### SUPPLIED DATA
····················
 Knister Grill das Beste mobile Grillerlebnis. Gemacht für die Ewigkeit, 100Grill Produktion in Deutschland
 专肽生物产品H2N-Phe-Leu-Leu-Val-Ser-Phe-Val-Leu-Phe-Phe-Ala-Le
····················
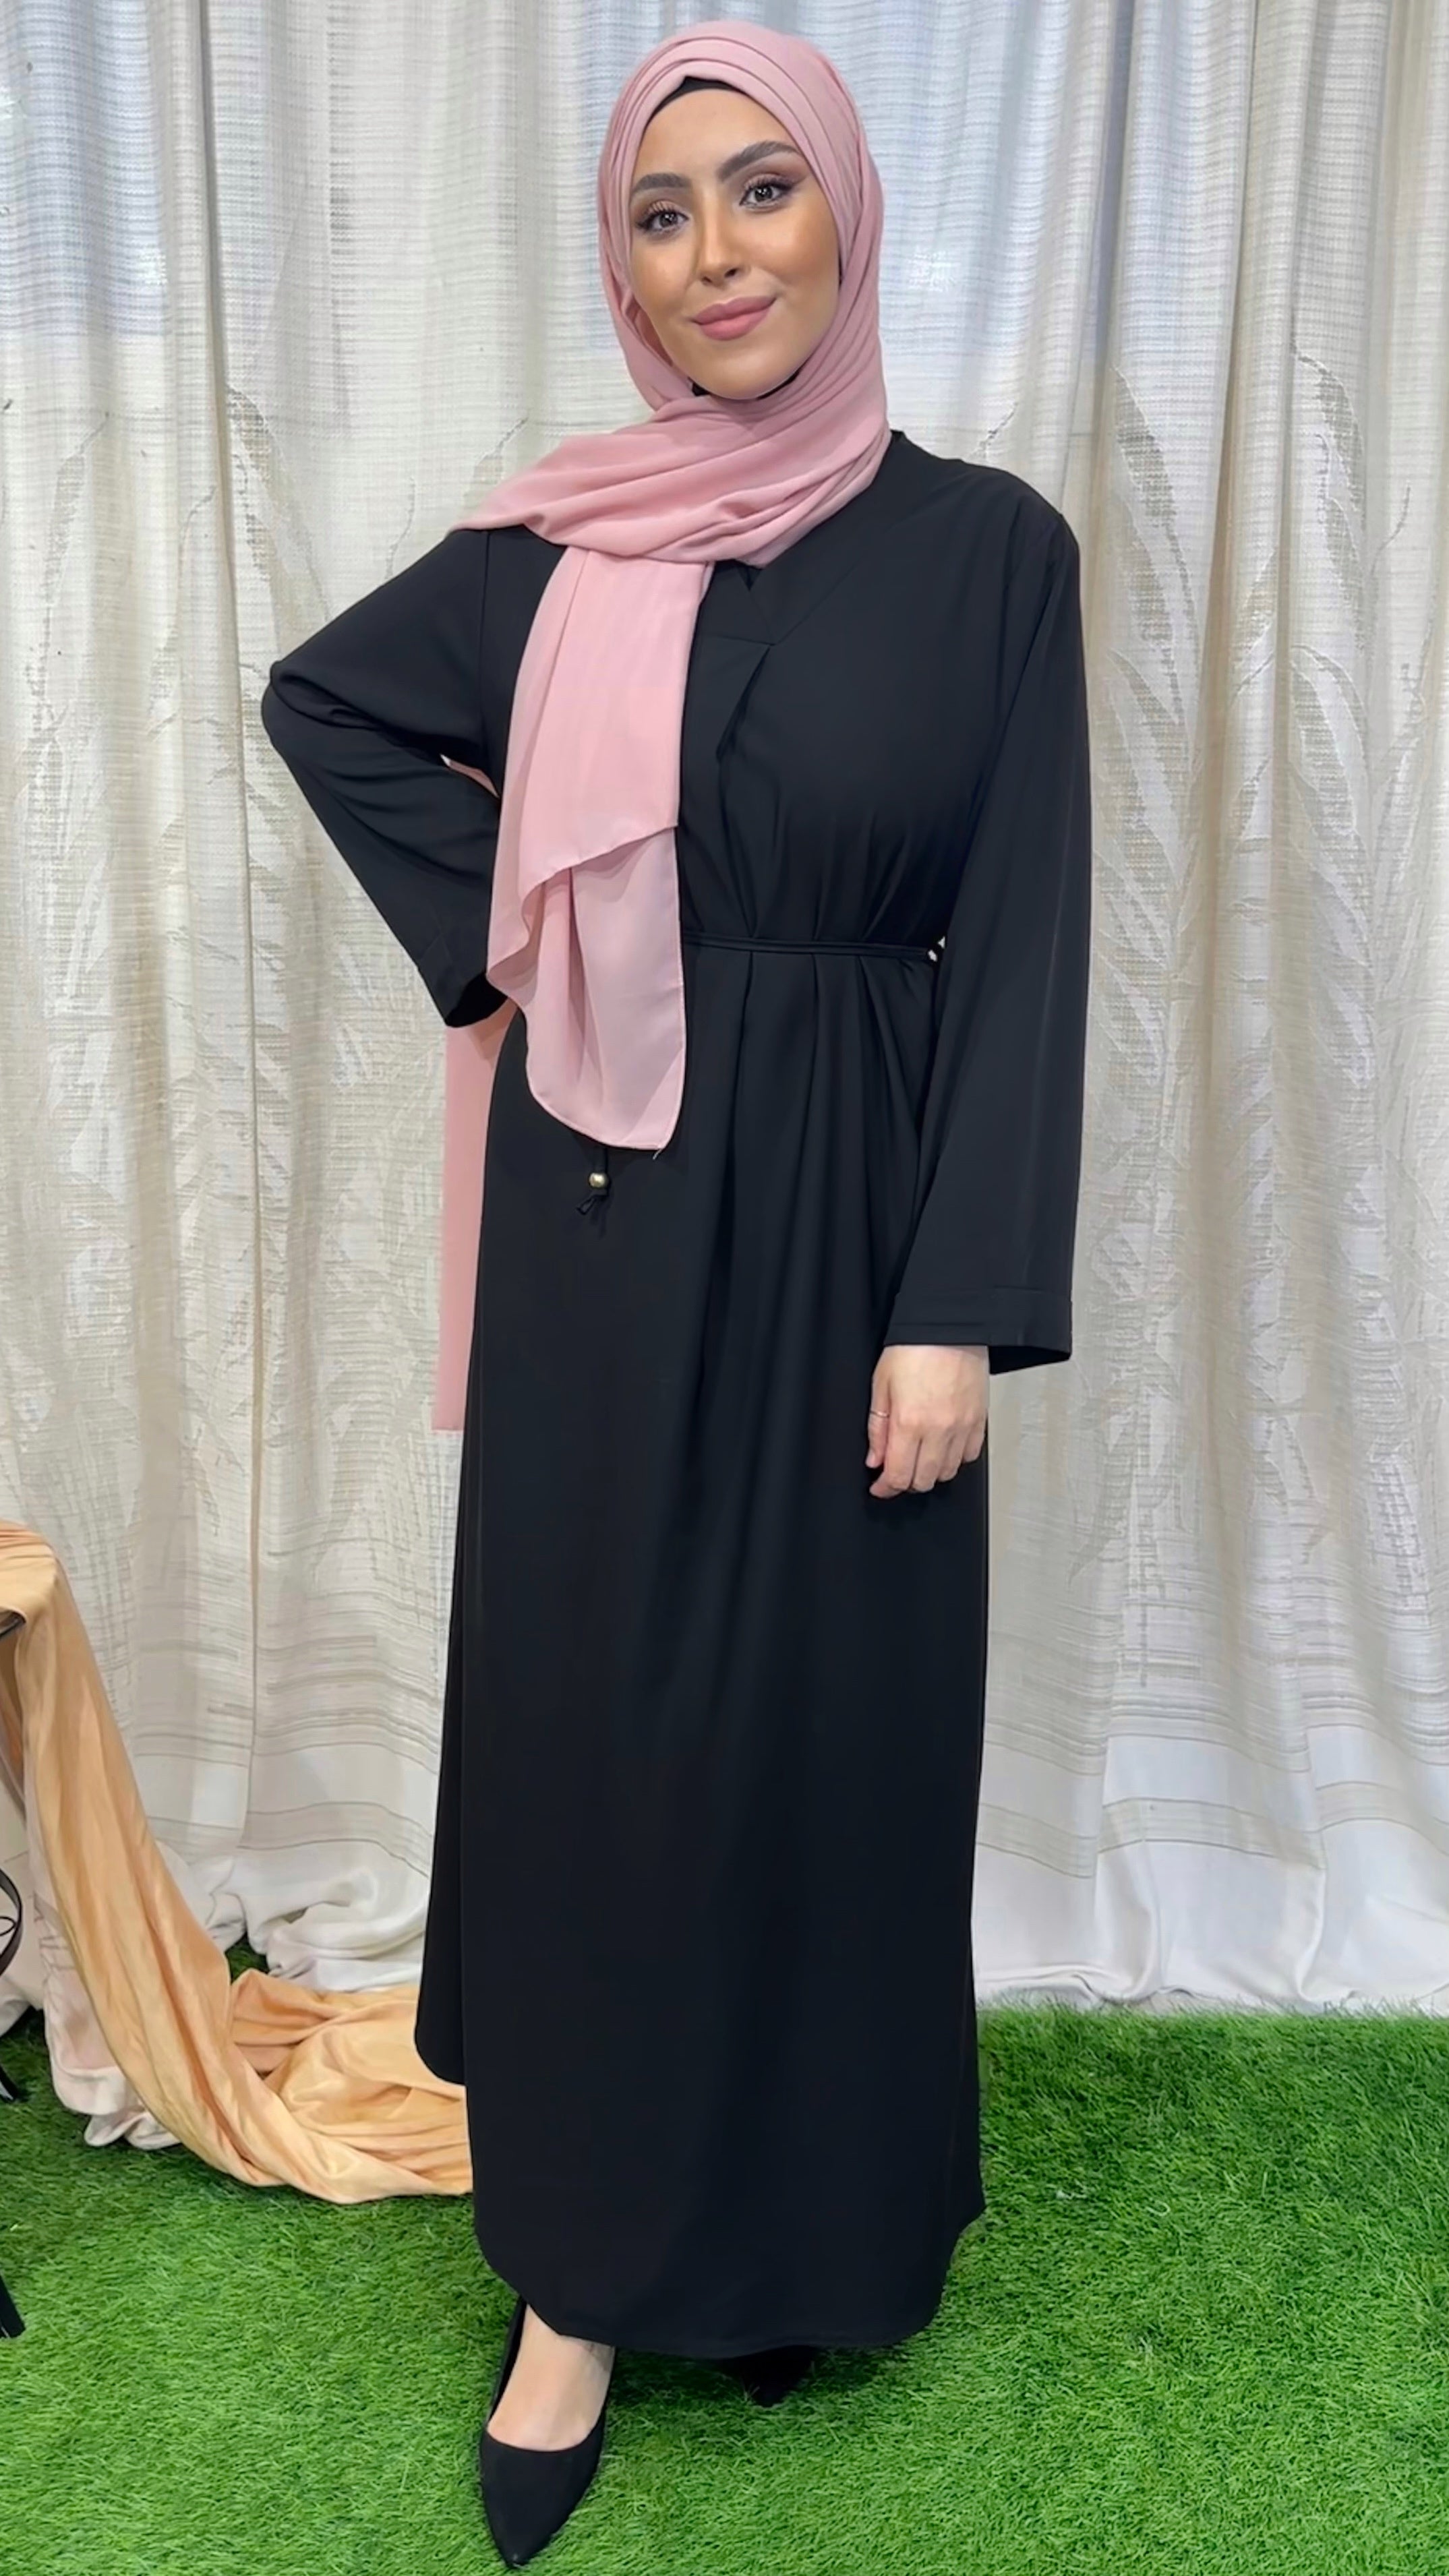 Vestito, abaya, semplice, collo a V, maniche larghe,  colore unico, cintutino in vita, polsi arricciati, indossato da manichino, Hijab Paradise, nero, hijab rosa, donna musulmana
····················
Your answer should be the lines above, from the line containing "Knister Grill das" up to and including the line containing "专肽生物产品H2N-Phe-Leu-Le", reproduced exactly and with nothing else.

### RESULT BELOW
 Knister Grill das Beste mobile Grillerlebnis. Gemacht für die Ewigkeit, 100Grill Produktion in Deutschland
 专肽生物产品H2N-Phe-Leu-Leu-Val-Ser-Phe-Val-Leu-Phe-Phe-Ala-Le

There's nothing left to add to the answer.